岩倉総合病院 (いわくらそうごうびょういん)
『土佐の鬼やん』に登場する大病院。岩倉具視の父が経営している。
場所
仁居田浜
『土佐の鬼やん』に登場する高知県の島にある漁村。クジラ漁で栄えたこともあるらしいが70年前、クジラが大暴れして大きな被害を受け、それ以来、普通の漁村になっていた。
南海道場 (なんかいどうじょう)
『土佐の鬼やん』に登場する柔道場。手加減なしの荒稽古で中学生にケガをさせて以来、入門者をライバル道場に奪われ、道場主は昼間から道場で酒を飲んでいる。土方歳三に敗れたおにやん(吉田茂)は自分を鍛え直し、柔道の技を磨くために連日、道場破りに押しかける。
ほとけ島 (ほとけじま)
『土佐の鬼やん』に登場する無人島。市内より4キロ離れている。

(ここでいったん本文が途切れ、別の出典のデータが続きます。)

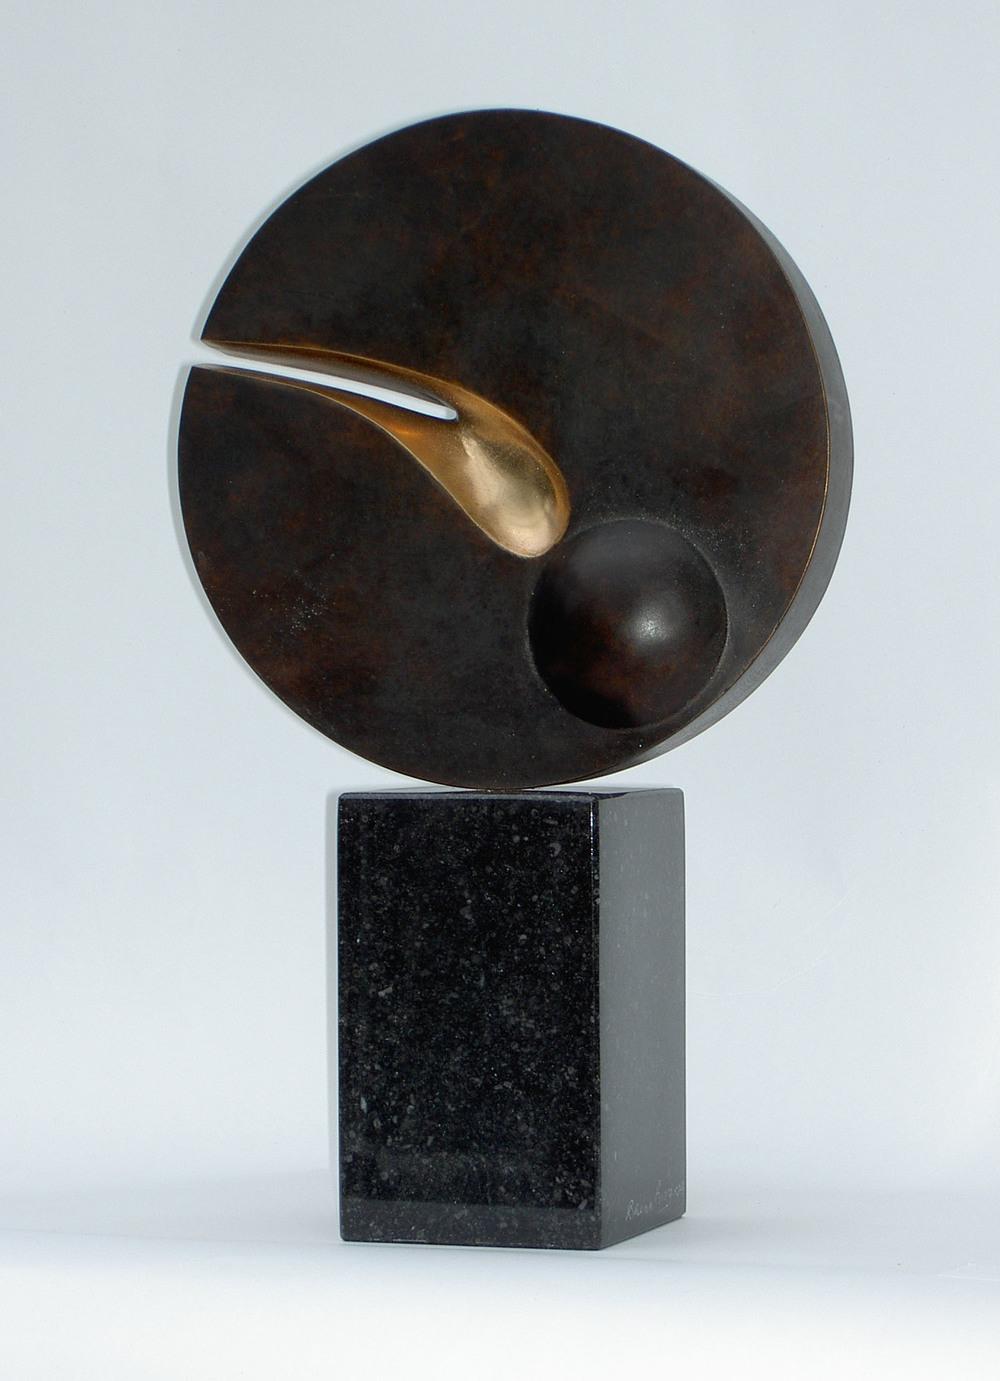 Brian King_-_Hailey's Comet_bronze, AP_36 x 21cm.jpg
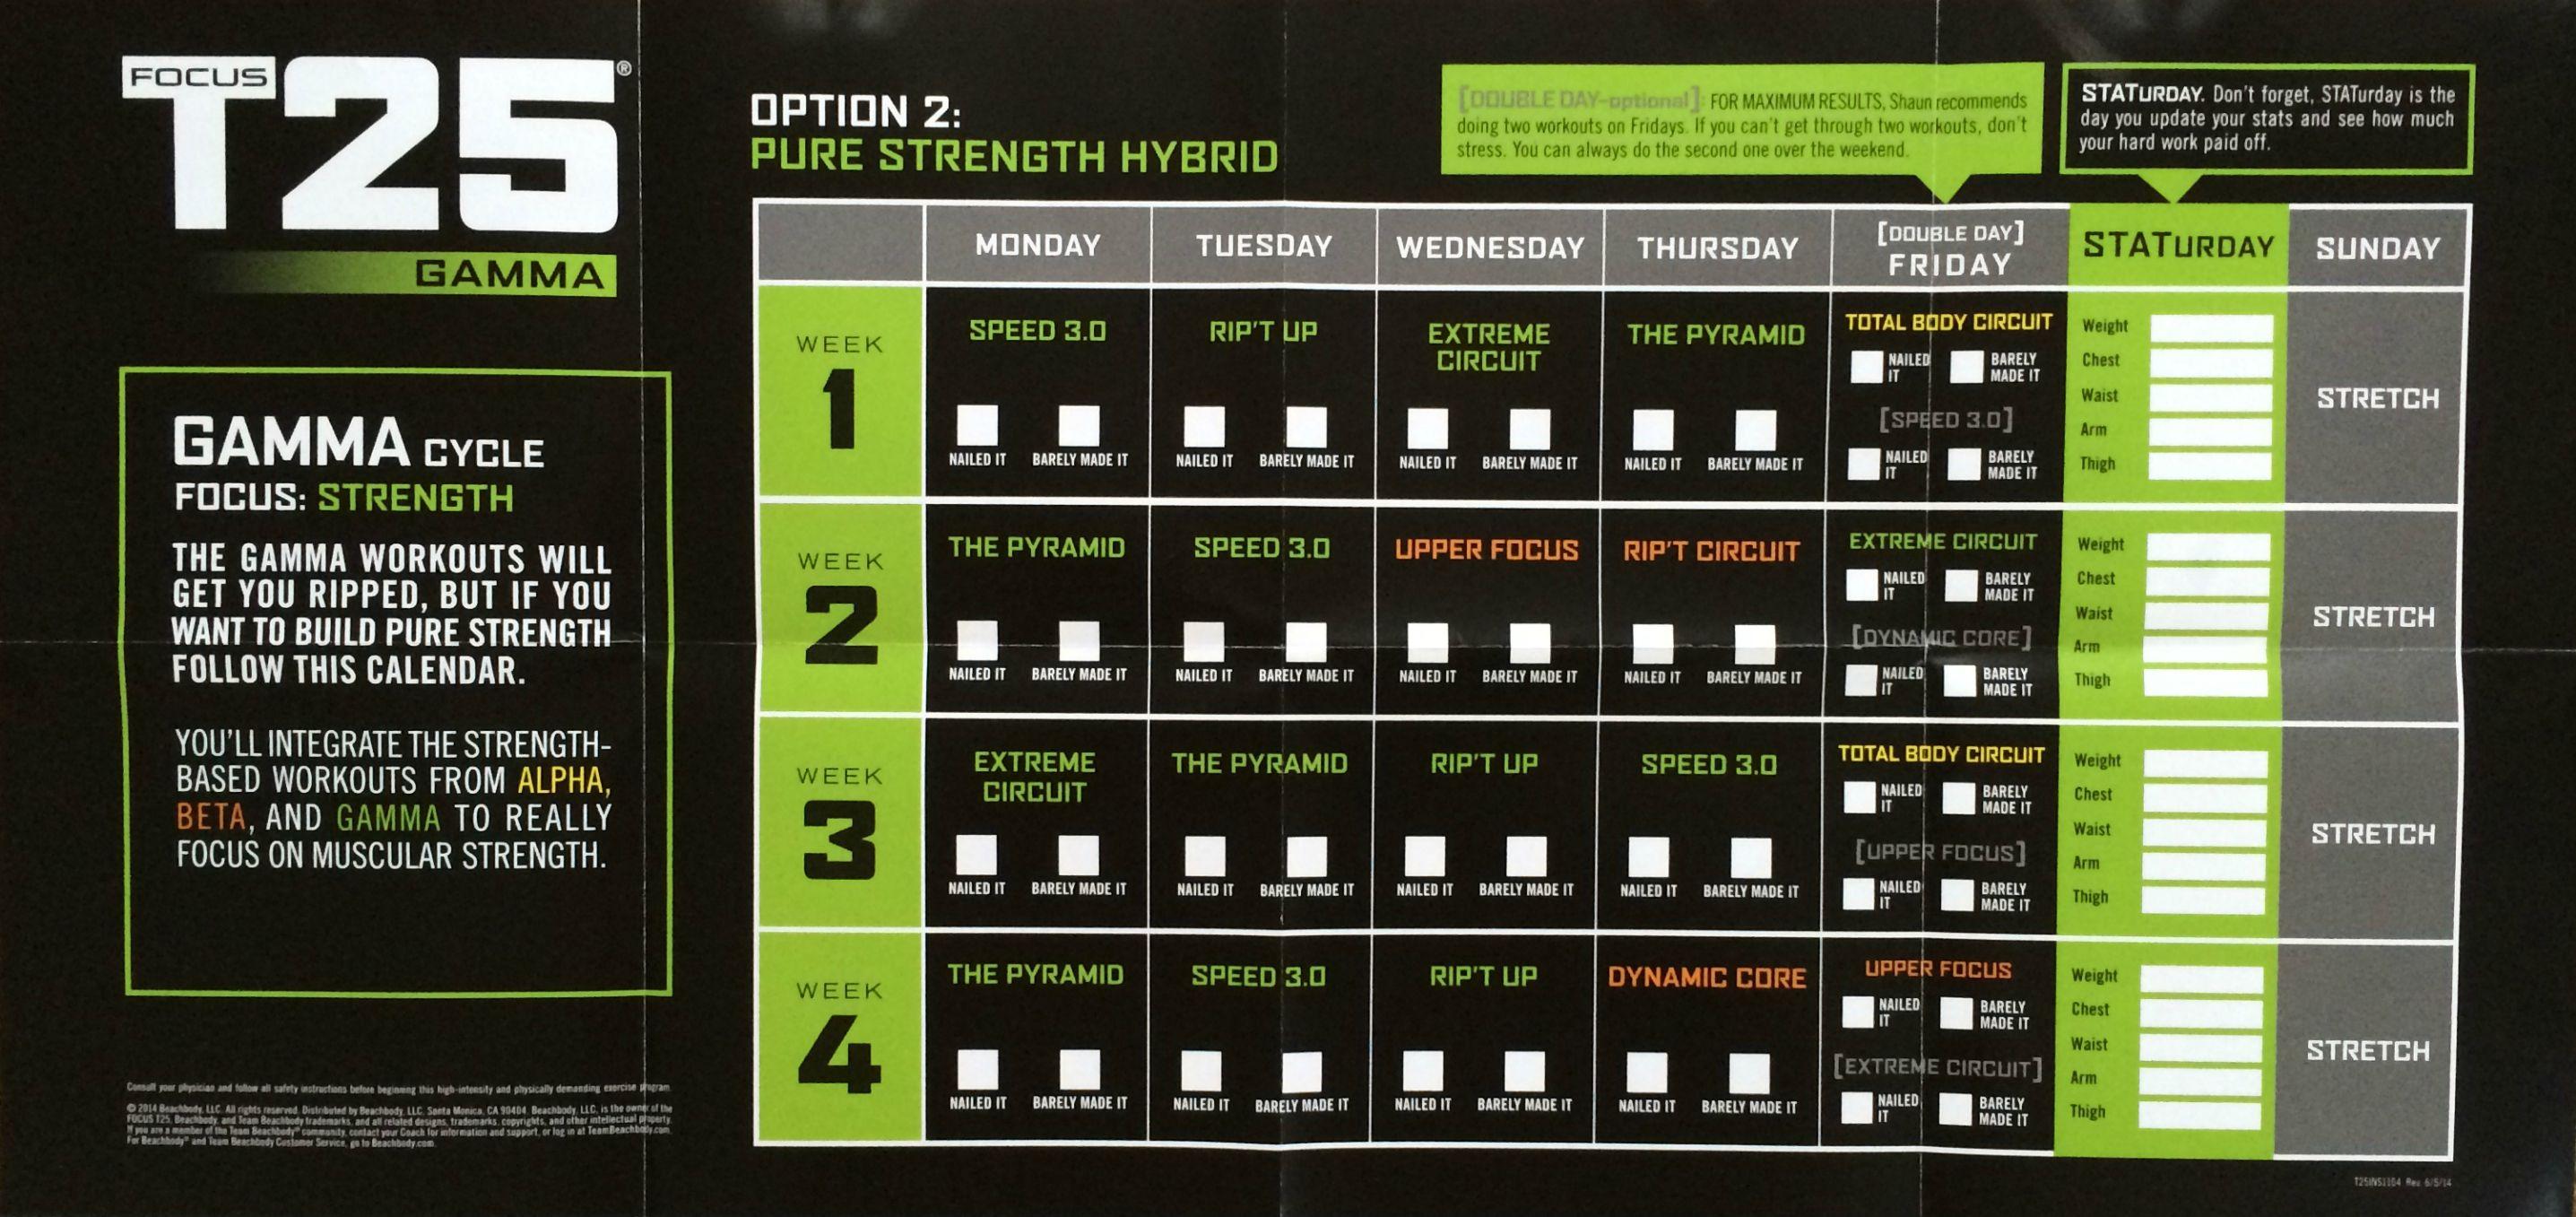 P90x3 T25 Hybrid Workout Schedule Eoua Blog - Newwallpaperjdi co

ヒョウの多くが生ま育った母島に近く、ヒョウには地理に詳しい者が多い。ヒョウ、姫ゆり会連合と風紀部の決戦の場に選ばれる。元は流刑の島で、毒蛇と毒虫が群生している。
五手岬 (ごてみさき)
『土佐の鬼やん』に登場する手の平を拡げたような形の岬。ヒョウと岩倉具視の決戦の場。岩倉は海南中学の一般生徒や、校長たちを集めた前でヒョウを撃破。群集心理を操作し、英雄となる。
クジラ神社 (くじらじんじゃ)
『土佐の鬼やん』に登場する仁居田浜の裏山にある神社。周囲はクジラ漁で亡くなった人々の無縁墓が無数に残っている。